Similarly, to filter out individuals, as might be performed with –keep in PLINK, requires using filter:

my_individuals <- c("GRC14300079", "GRC14300142", "GRC14300159")

data %>% filter(id %in% my_individuals)
#> # A gen_tibble: 16 loci
#> # A tibble:     0 × 3
#> # ℹ 3 variables: id <chr>, population <chr>, genotypes <vctr_SNP>

Quality control for linkage

Linkage is managed through clumping in tidypopgen with loci_ld_clump().

This option is similar to the –indep-pairwise flag in PLINK, but results in a more even distribution of loci when compared to LD pruning.

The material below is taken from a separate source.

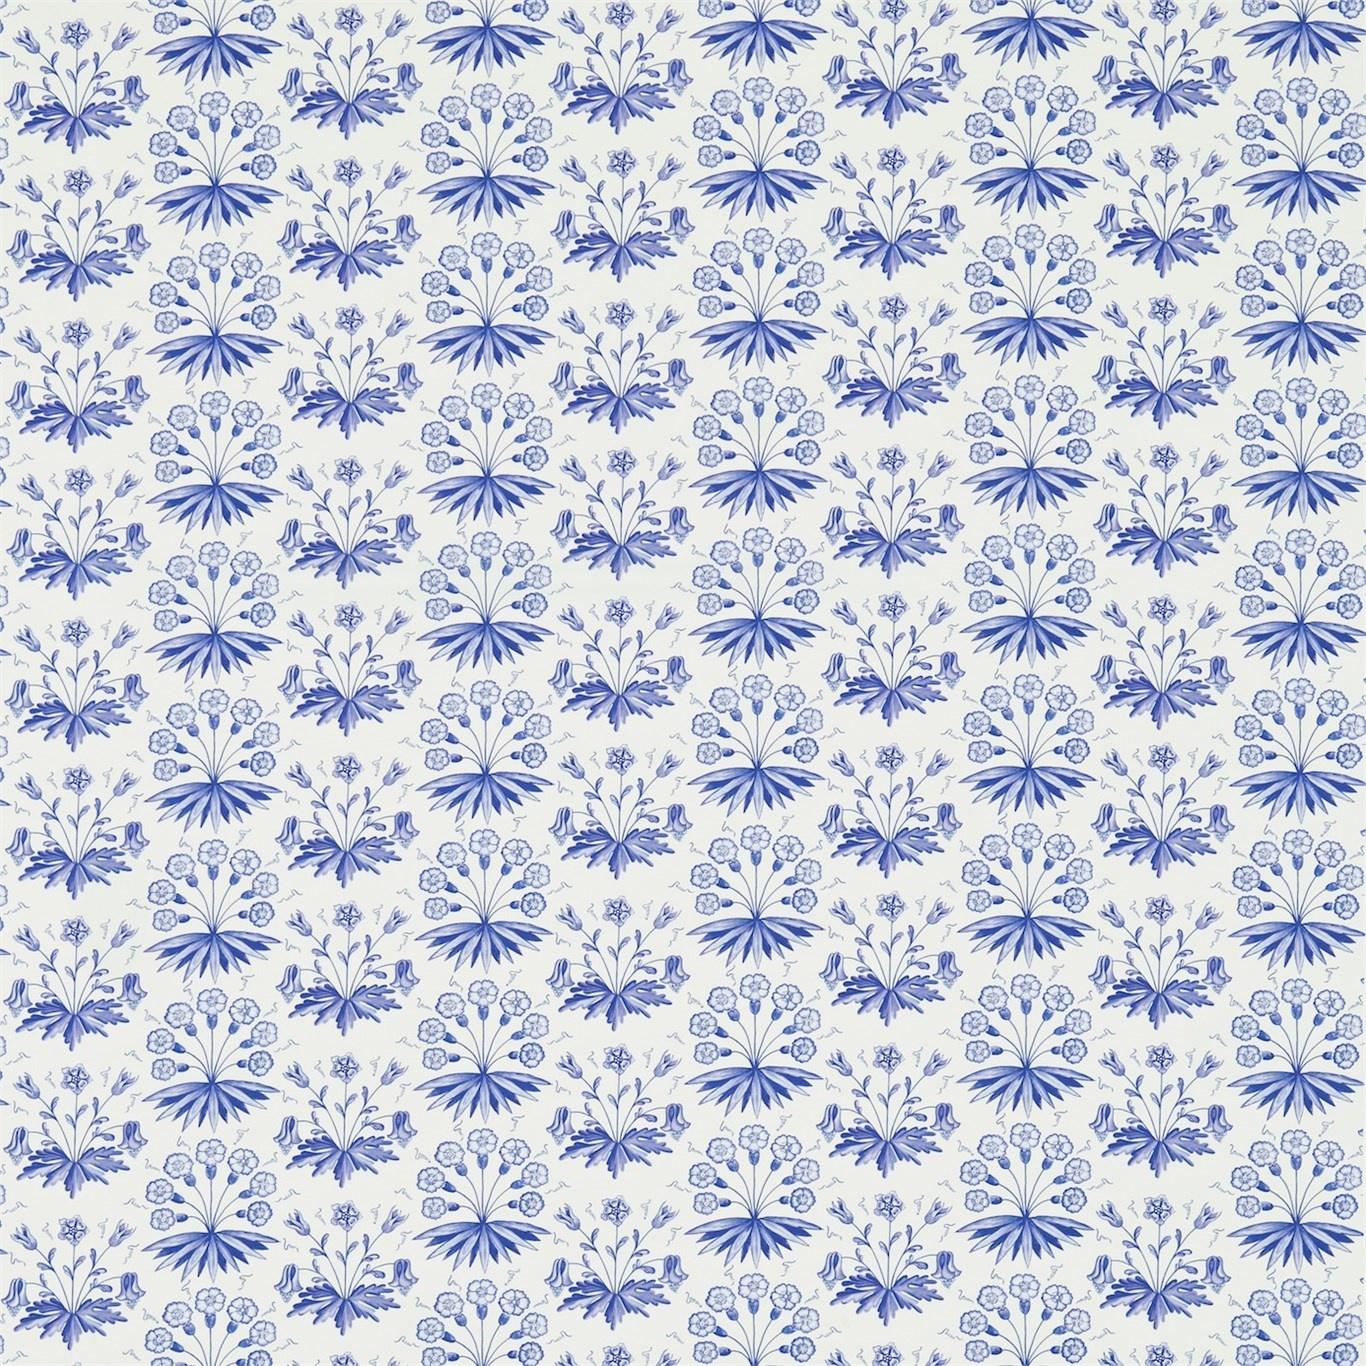 Image of Morris & Co Primrose & Columbine Delft Blue Curtain Fabric 224483

To explore why clumping is preferable to pruning, see https://privefl.github.io/bigsnpr/articles/pruning-vs-clumping.html

Quality control for relatedness (KING)

KING	`tidypopgen`
–kinship	`pairwise_king()`
–distance	`pairwise_ibs()`
–unrelated	`filter_high_relatedness()`

pairwise_king() implements the KING-robust estimator of kinship equivalent to –kinship in KING. To remove related individuals, instead of using –unrelated –degree, the user can pass the resulting kinship matrix and a relatedness threshold to filter_high_relatedness, which will return the largest possible set of unrelated individuals.

Merging datasets:

PLINK	`tidypopgen`
–bmerge	`rbind()`
–flip-scan	`rbind_dry_run()`
–flip	use ‘flip_strand = TRUE’ in `rbind()`

In PLINK, data merging can fail due to strand inconsistencies that are not addressed prior to merging. PLINK documentation suggests to users to try a ‘trial flip’ of data to address this, and then to ‘unflip’ any errors that remain. In tidypopgen, when data are merged with rbind, strand inconsistencies are identified and automatically flipped, avoiding multiple rounds of flipping before merging.

PLINK does allow users to identify inconsistencies prior to merging with –flip-scan, and this functionality is included in the tidypopgen rbind_dry_run(). rbind_dry_run() reports the numeric overlap of datasets, alongside the number of SNPs to ‘flip’ in the new target dataset, as well as the number of ambiguous SNPs.

Data are only merged one set at a time, there is no equivalent to –merge-list.

Analysis:

PLINK	`tidypopgen`
–pca	See `gt_pca()` for pca options
–fst	`pairwise_pop_fst()` with `group_by()`
–homozyg	`gt_roh_window()`